[Opening Supplied material section]

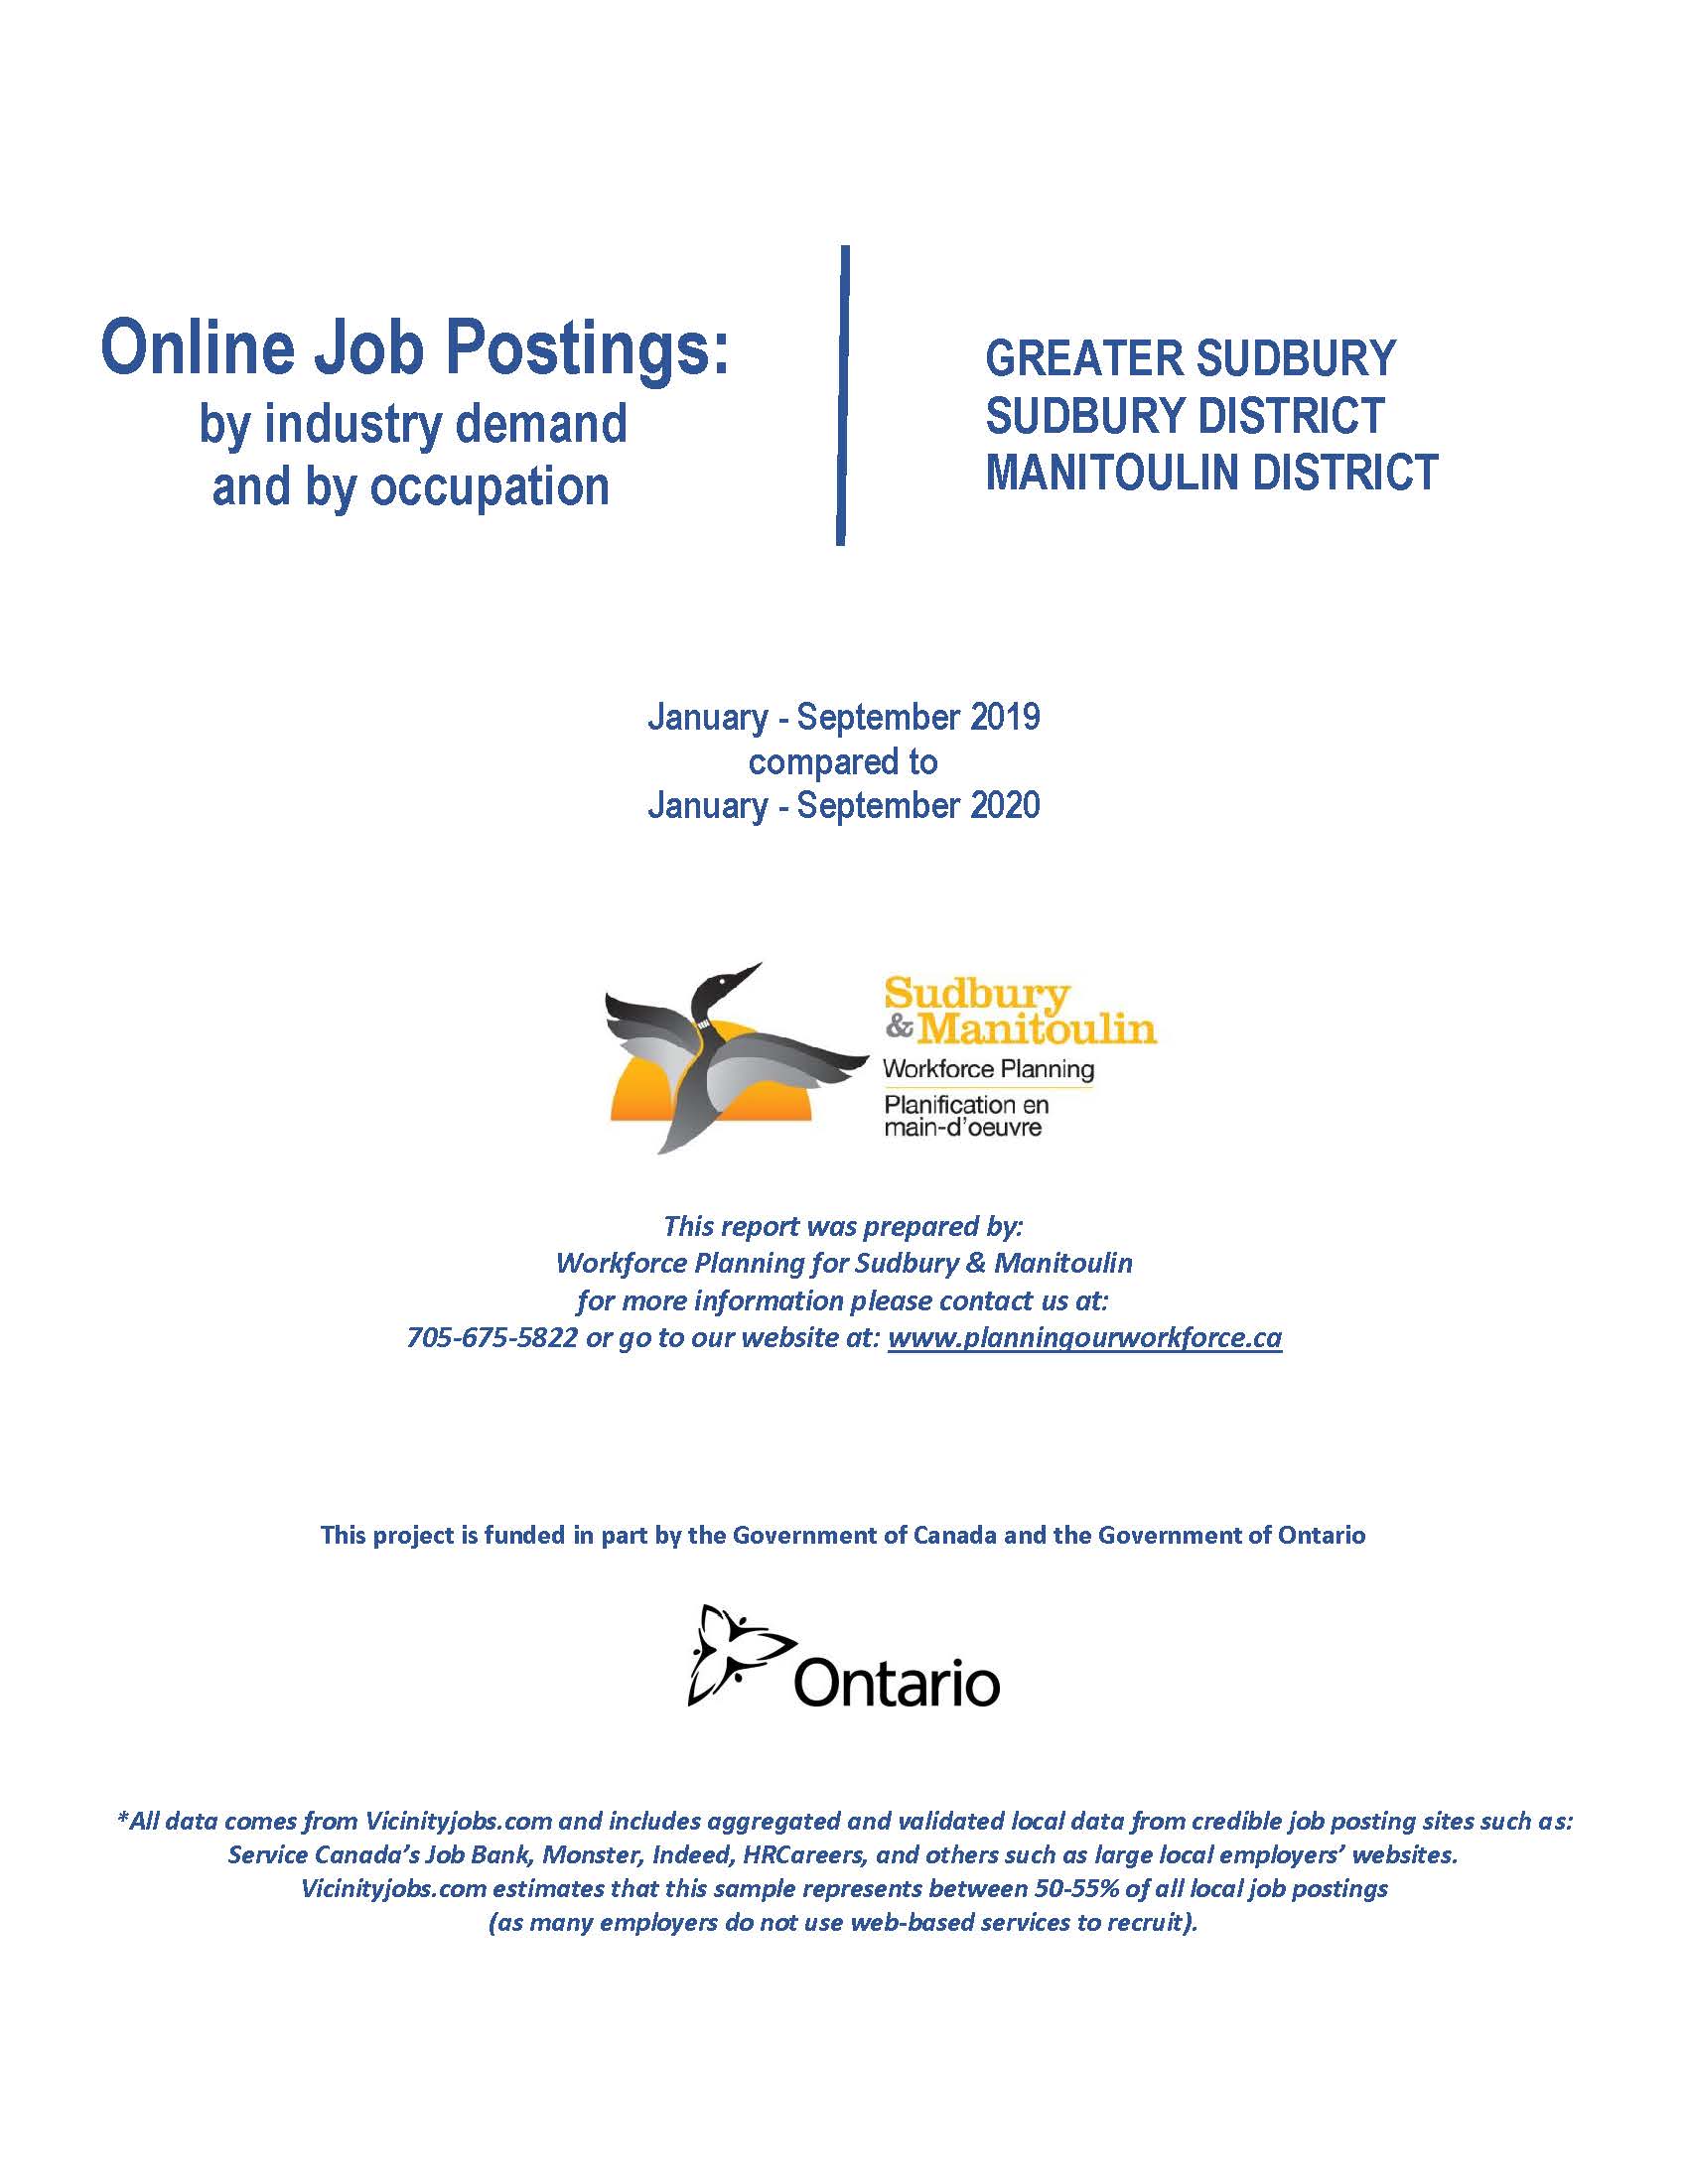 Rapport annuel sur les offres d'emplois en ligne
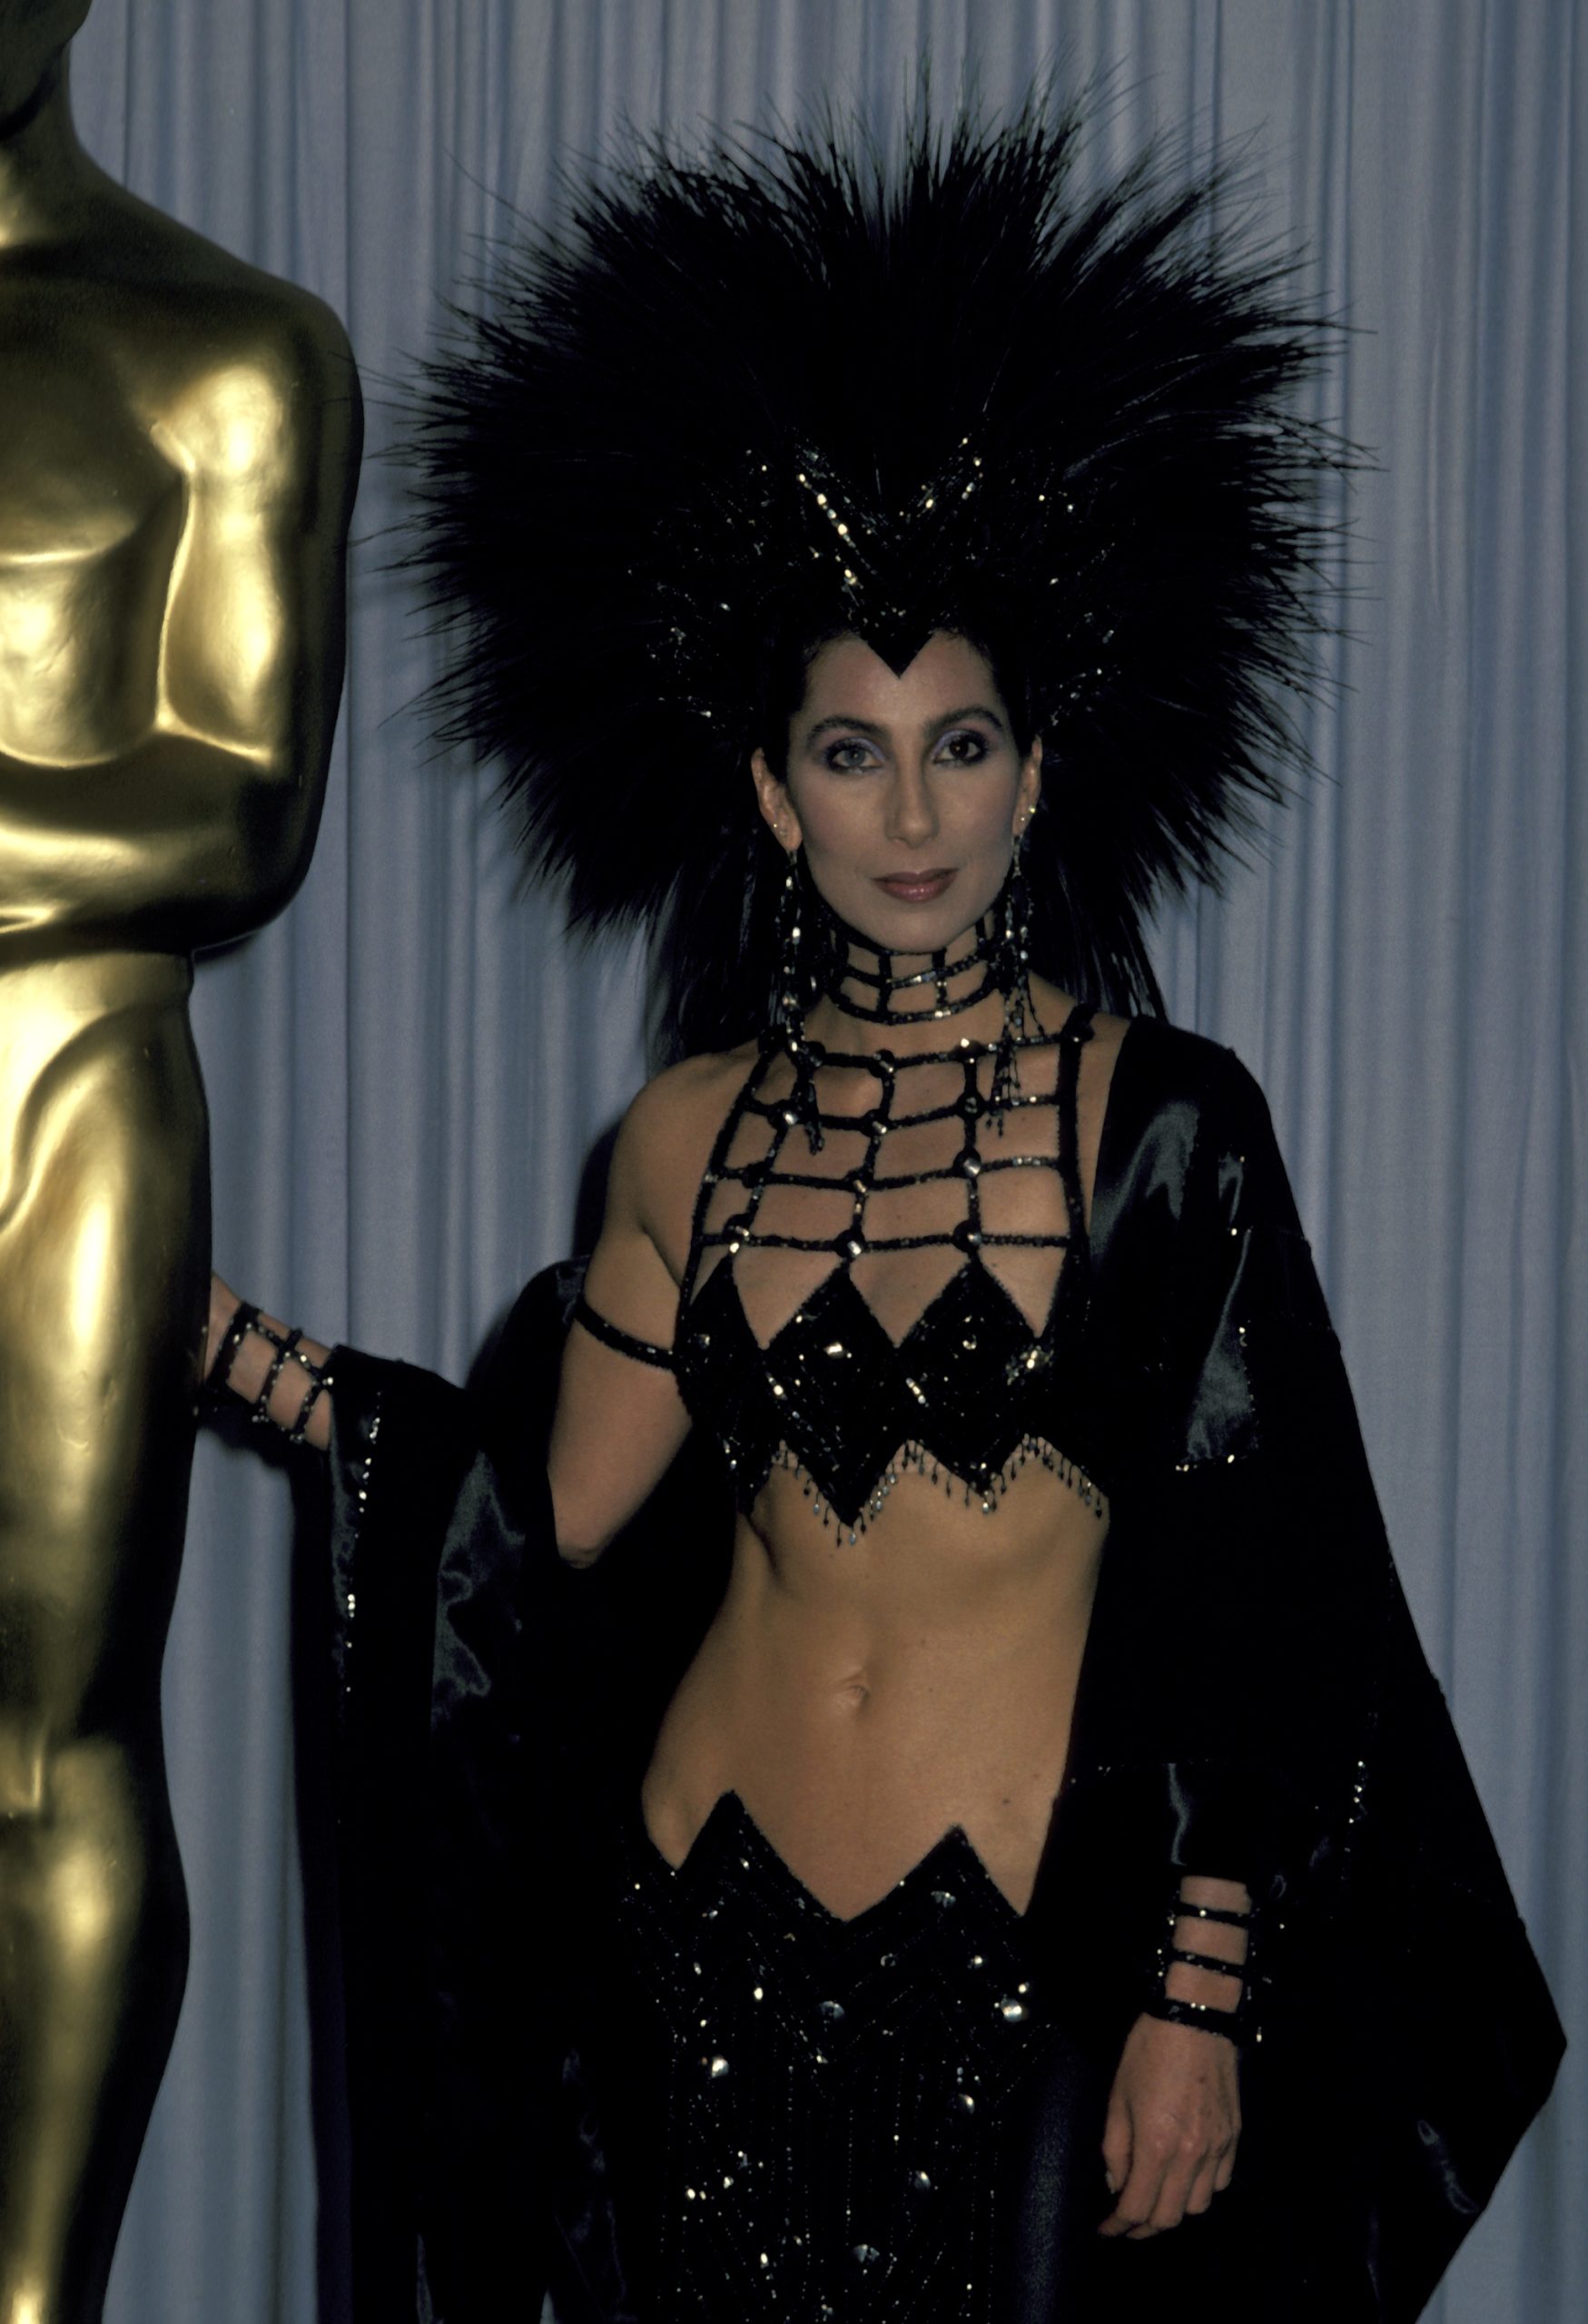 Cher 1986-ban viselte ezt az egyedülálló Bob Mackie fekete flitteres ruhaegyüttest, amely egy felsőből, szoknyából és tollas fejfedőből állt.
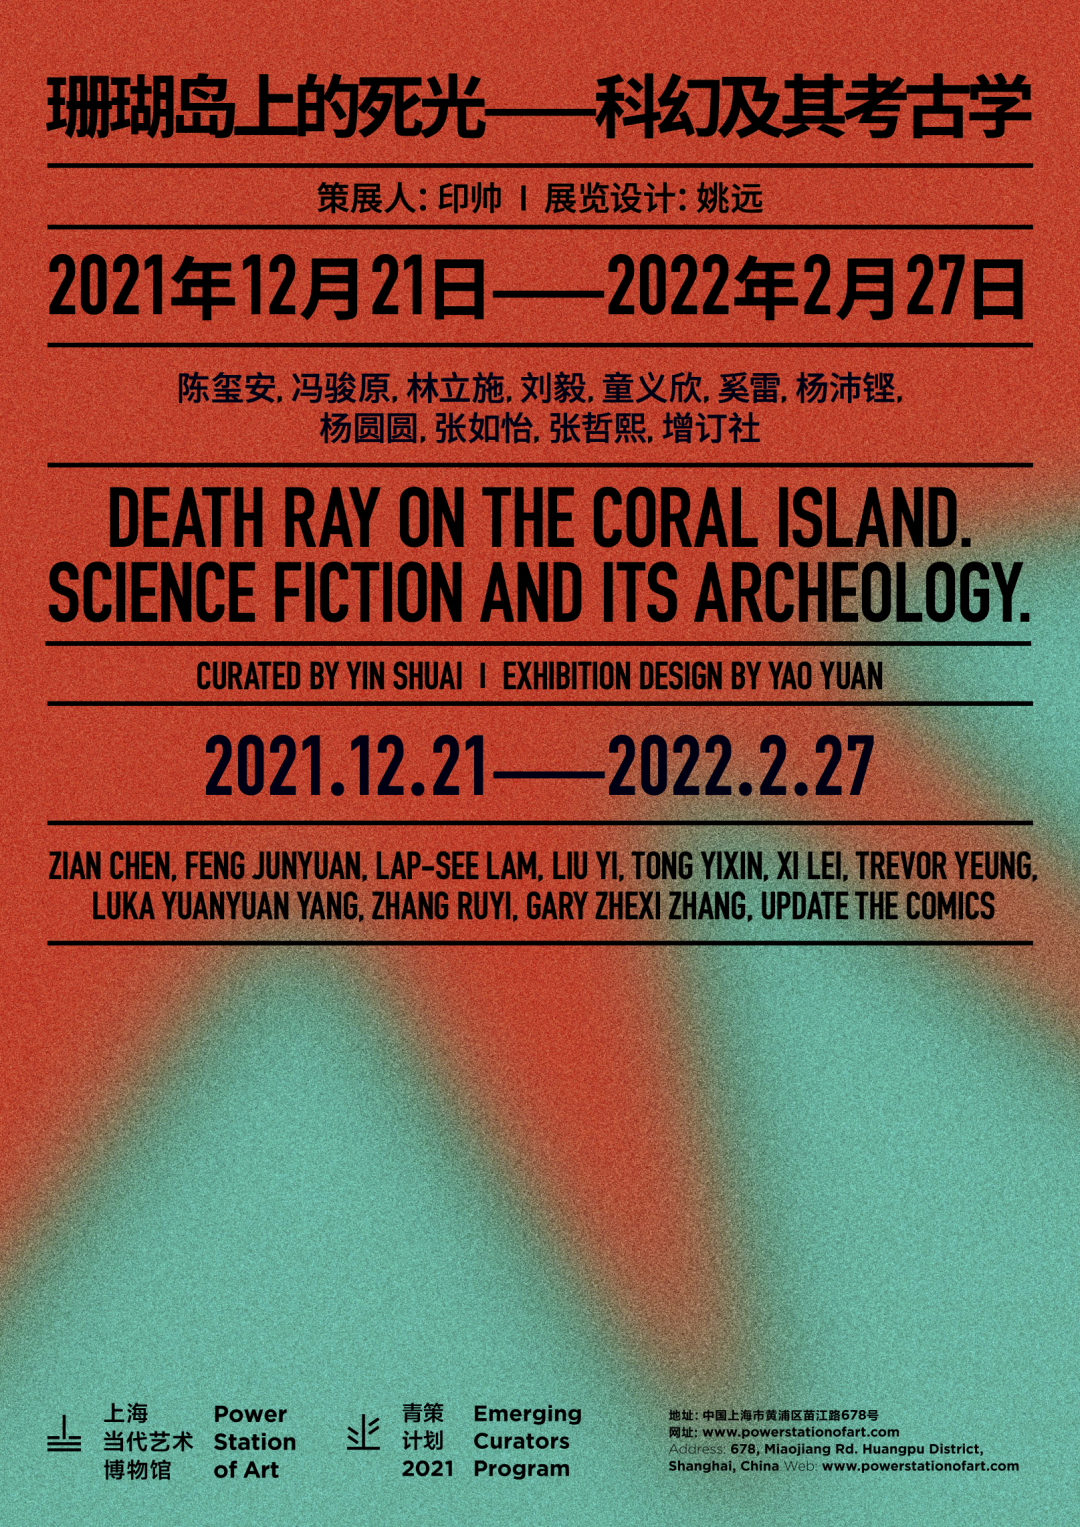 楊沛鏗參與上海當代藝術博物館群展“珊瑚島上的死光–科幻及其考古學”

[Closing Supplied material section]

Assignment: Print the complete listing exactly as it stands, without its pictures.

Result of the task:
 Rapport annuel sur les offres d'emplois en ligne
 Cher 1986-ban viselte ezt az egyedülálló Bob Mackie fekete flitteres ruhaegyüttest, amely egy felsőből, szoknyából és tollas fejfedőből állt.
 楊沛鏗參與上海當代藝術博物館群展“珊瑚島上的死光–科幻及其考古學”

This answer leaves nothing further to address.